Yeah, I know. This is all a pretty big buzzkill. Sorry about that. I get upset with me too some days - especially when I tilt toward this line of thinking. I really do enjoy those days on my bike, when I’m not thinking about any of this. Or when I can focus more and draw more from the joy and goodness in the world. And there is great joy and goodness in world. But I often find myself asking how much of that - how much human capital - is lost to the suffering that could be avoided if we value human life as much as we claim. If we valued human capital as much as we value financial capital.
But some days, I think, it’s important for us to stop looking past this. To stop acting as if all of this is OK. To stop saying that it is what it is, and there’s nothing that can be done about it. I think it’s important for us to take stock of the suffering that exists in the world - and I think it’s important for us to consider our own roles in easing, or increasing, that suffering.
And I think that’s where I was at yesterday, and what’s carried over into today.
I’ll write the columns I started - the pieces that show many of these jobs in the state aren’t paying all that great and that far too many people are falling under the growing weight of medical debt and how all of that is actually degrading our economy and robbing economic capacity and that our anti-people policies turn out to also be anti-business. Even though I doubt the people who need to hear it, will.
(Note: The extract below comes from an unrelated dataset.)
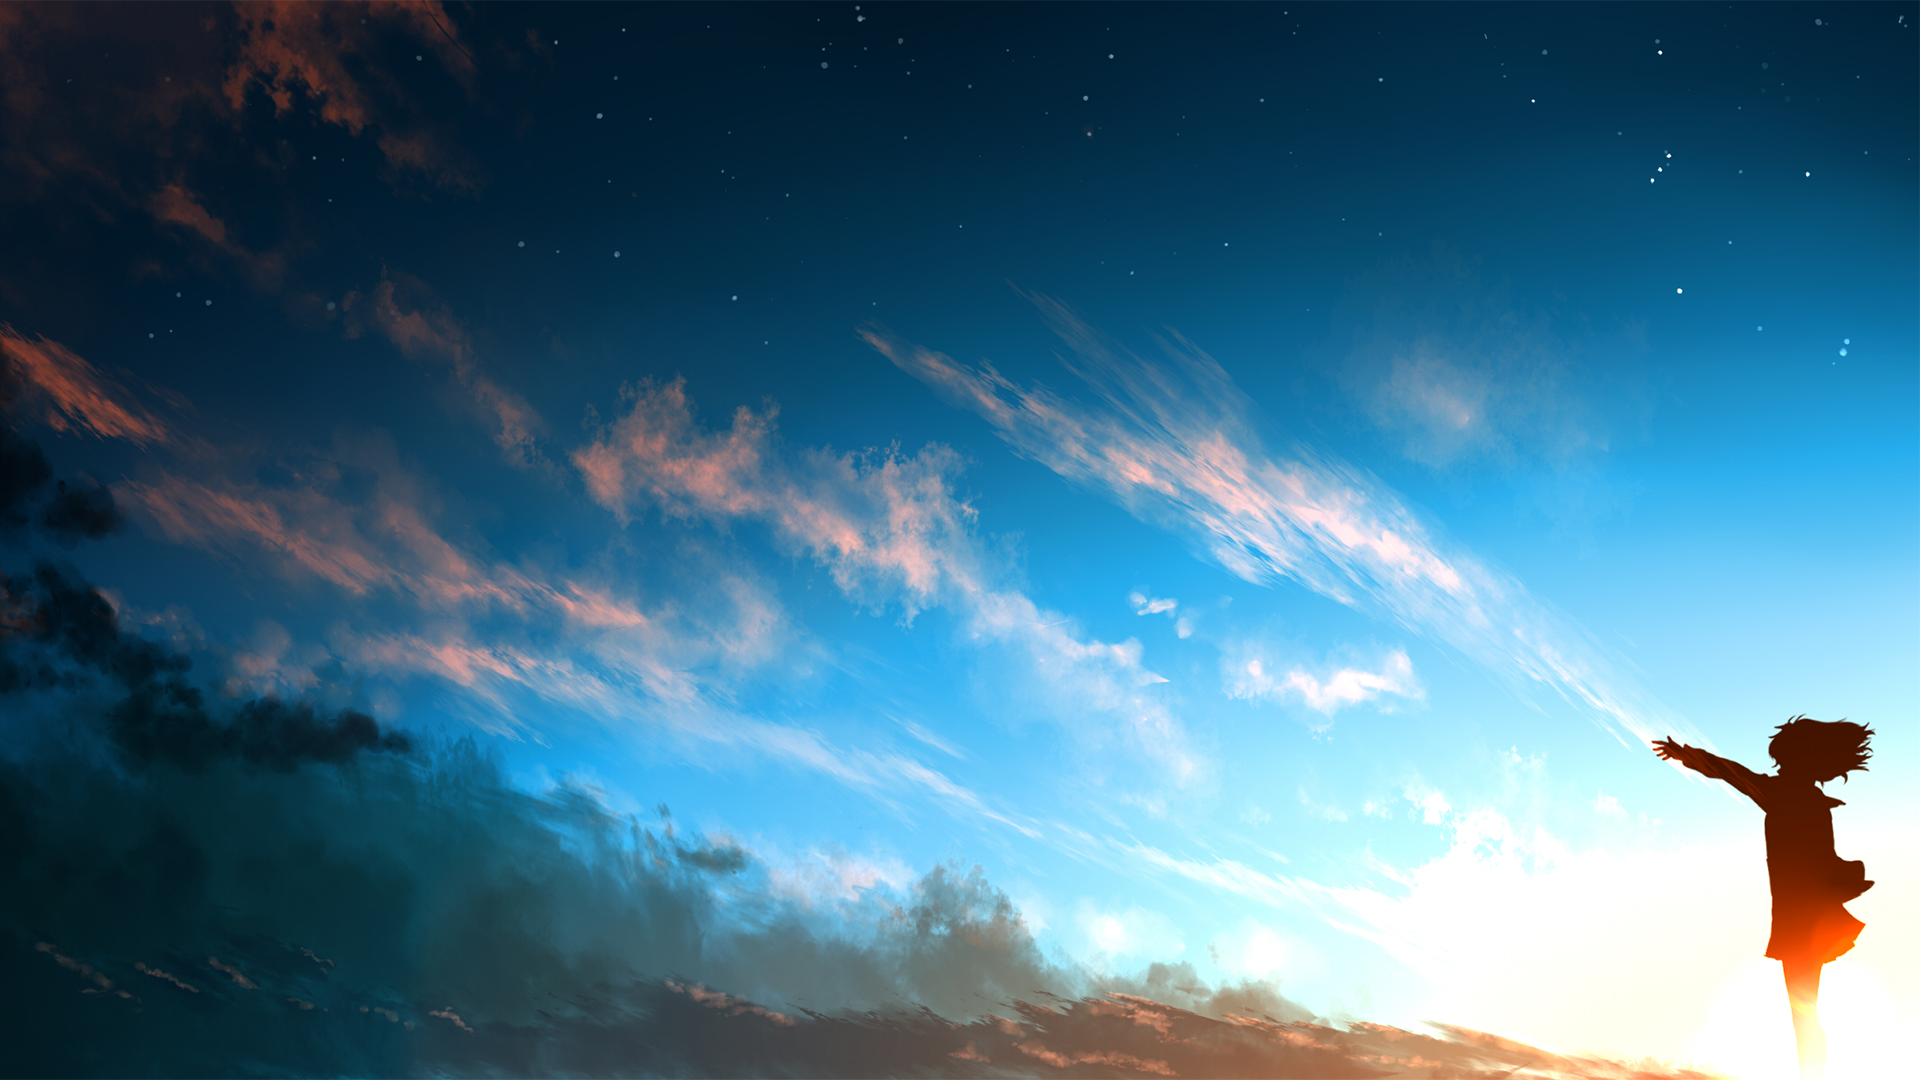 kyoukai keine kanata wallpaper,himmel,wolke,blau,atmosphäre,licht
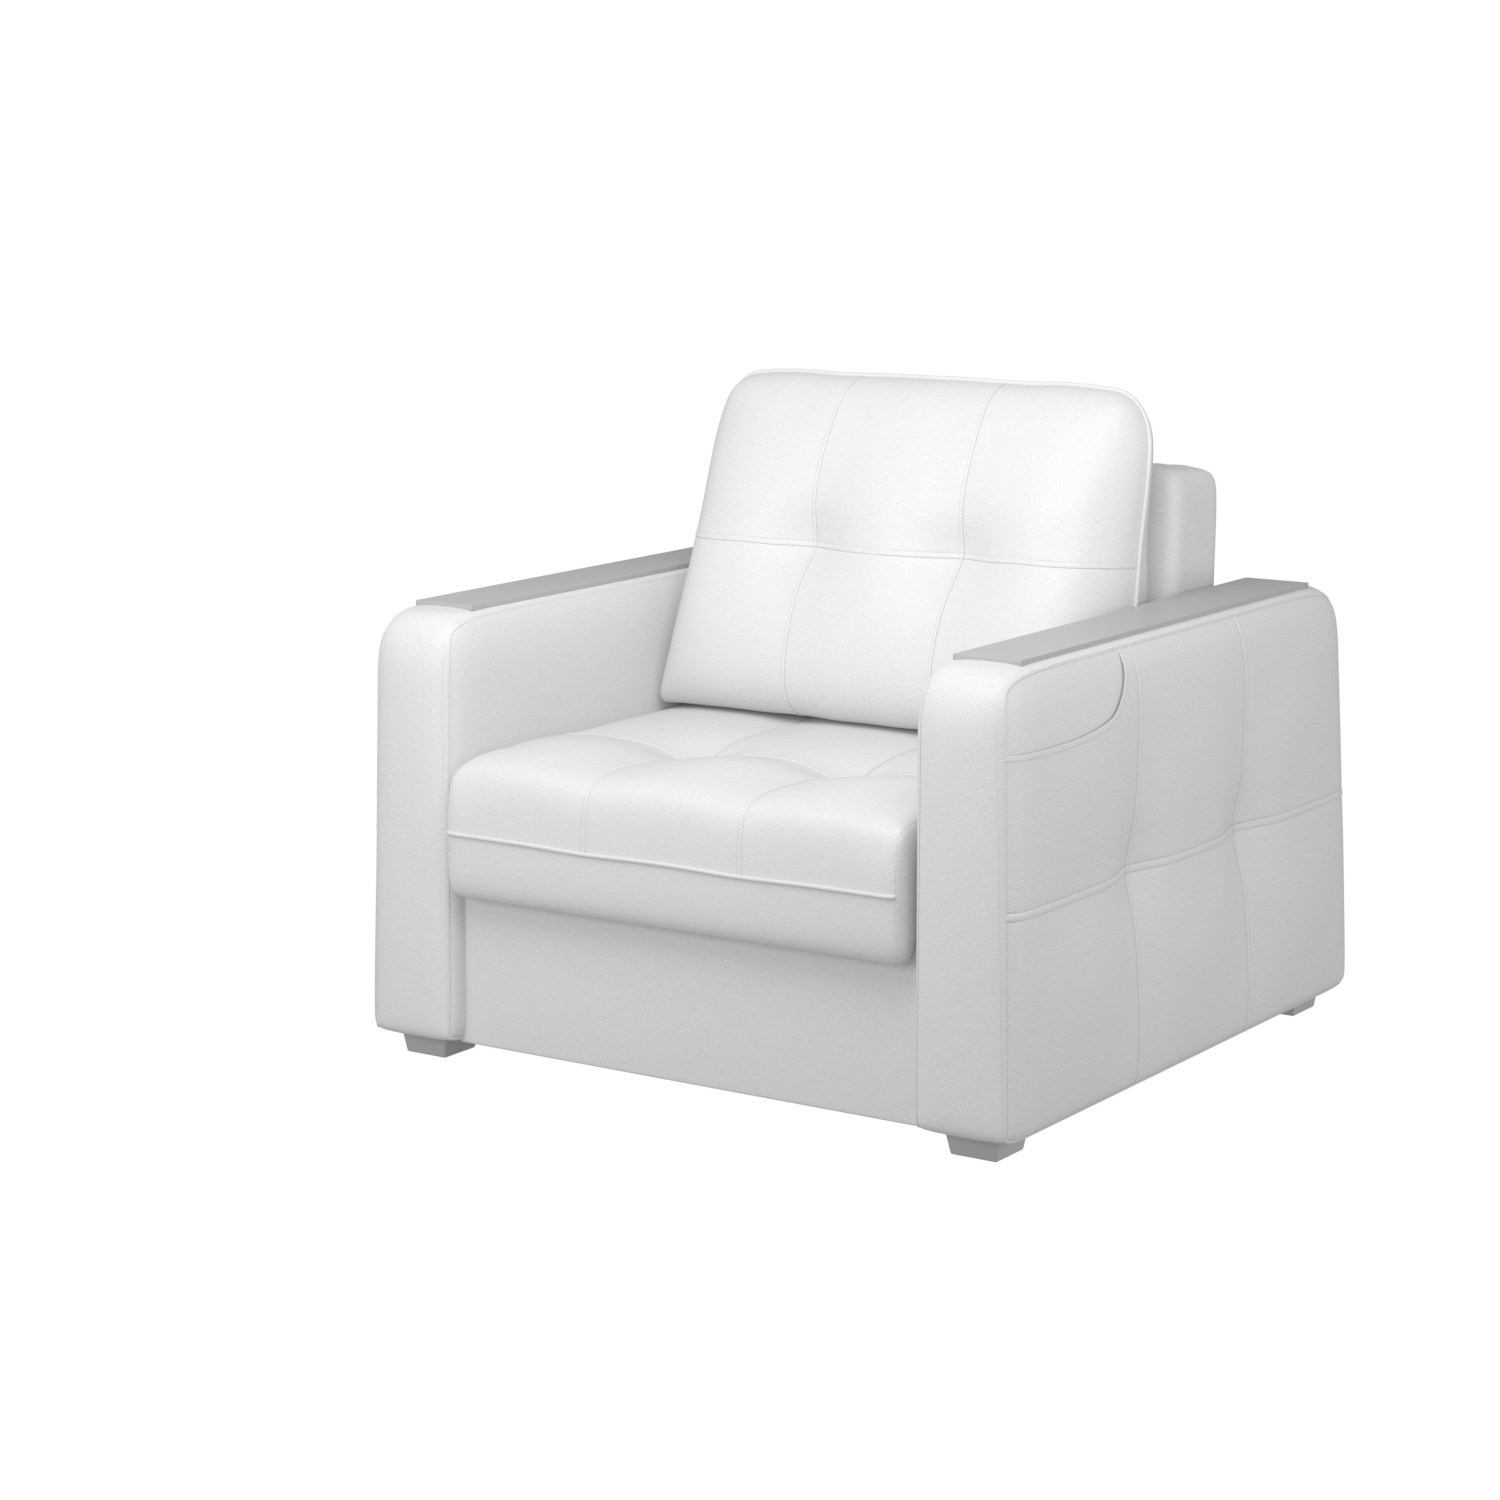 Мягкое кресло с ящиком Киль-3, кКЛ01.вл26.26у

I’ll write those. But not today.
Today, I want to say that I’m not any more, or less, upset about the state of the world than any other day, really. I’m just less willing to not say it aloud.
I want to say that we’ve not been good stewards of the Earth.
I want to say that we’ve largely squandered what previous generations gave to us.
And that we’ve not really held up our end of the bargain to future generations.
I want to say that people should always matter more than money.
I want to say that I know we can do better.
And if we know we can do better, we should.
Once again, Jason, a powerful and well-written plea. Though I wonder: when you get this angry or sad or frustrated or depressed, does revolution ever appeal to you? Obviously that's a complicated question, with all sorts of moral or ideological aspects to it, but just as a simple yes or no: do you ever feel like it all needs to be burned down so whomever is left can start over? Or are you just not wired that way?